BENGALURU (Reuters) -India’s Tata Motors said on Thursday it expects margins at its largest division Jaguar Land Rover (JLR) to improve further after the carmaker saw strong demand for its luxury cars.
The automaker raised JLR’s full-year earnings before interest and taxes (EBIT) margin forecast to around 8% from 6%.
JLR’s EBIT margin in the quarter ending Sept. 30 rose to 7.3% from 1%.
That pulled the company’s overall EBIT margins up to 7.5%, from 2.4% earlier.
A pick-up in volumes and a continued strong mix will put JLR on track to achieve an EBIT margin of 10% by fiscal 2026, Tata Motors Chief Financial Officer PB Balaji said in a post-earnings media call.

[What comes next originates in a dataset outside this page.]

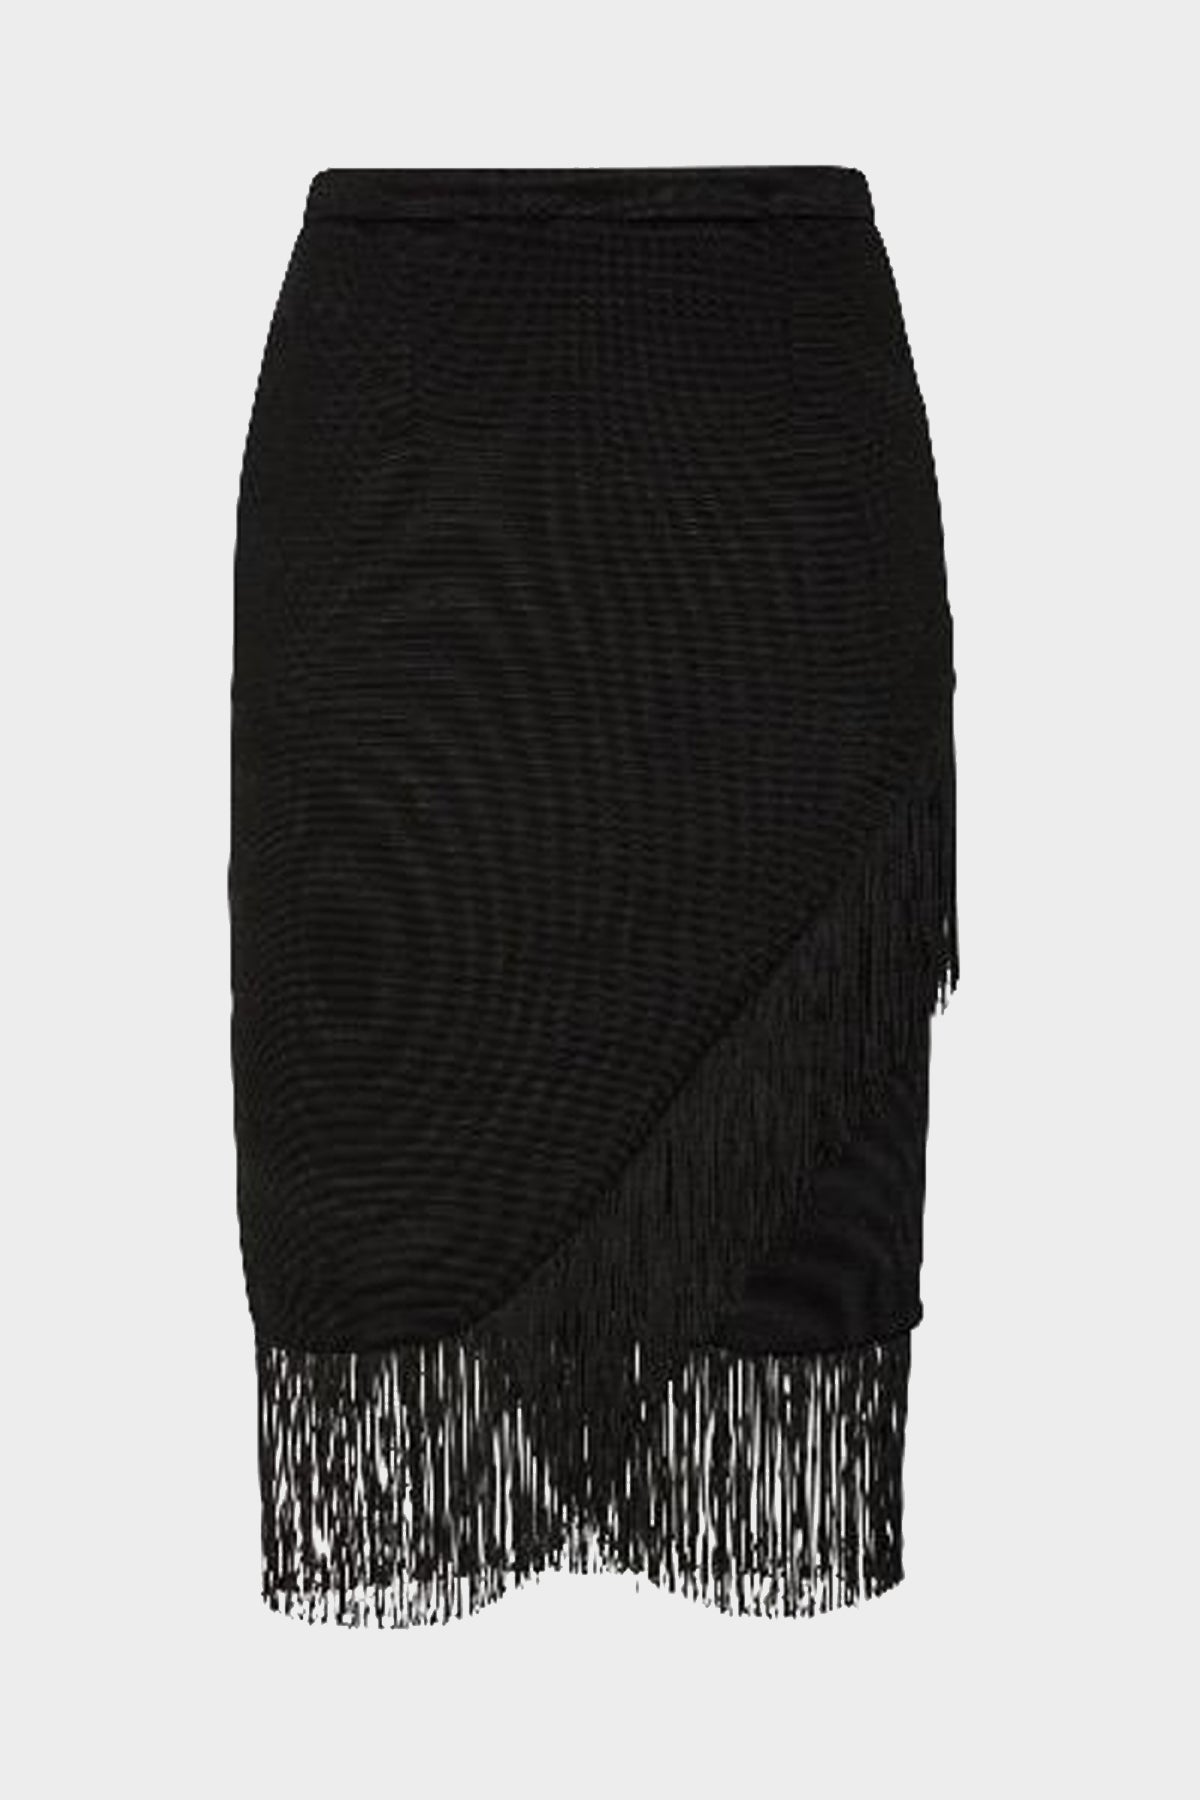 Lola Fringe Mini Skirt in Black - shop-olivia.com

Strong JLR sales are key to Tata’s earnings as the British division accounts for two-thirds of its parent’s revenue.
Tata’s overall revenue jumped 32.1% to 1.05 trillion rupees, largely due to a 21% rise in retail sales of JLR models, including those through its China joint venture.
However, Tata Motors missed its quarterly profit estimates as higher expenses offset the strong JLR sales.
The automaker’s consolidated quarterly net profit, its fourth in a row, was 37.64 billion rupees ($452.47 million), but lower than analysts’ estimate of 43.52 billion rupees, as per LSEG data.
An annual shutdown at JLR plants also capped sales. That led to a sequential fall in JLR’s quarterly cash flow to 300 million pounds from 451 million pounds in the June quarter.
Quarterly expenses were up 22% at 1.01 trillion rupees, led by a 20.7% rise in input costs.
Besides, revenue from Tata’s Indian passenger vehicle business declined 3% as buyers opted to wait for a newer version of its top-selling Nexon sport utility vehicle (SUV) launched in September, Balaji added.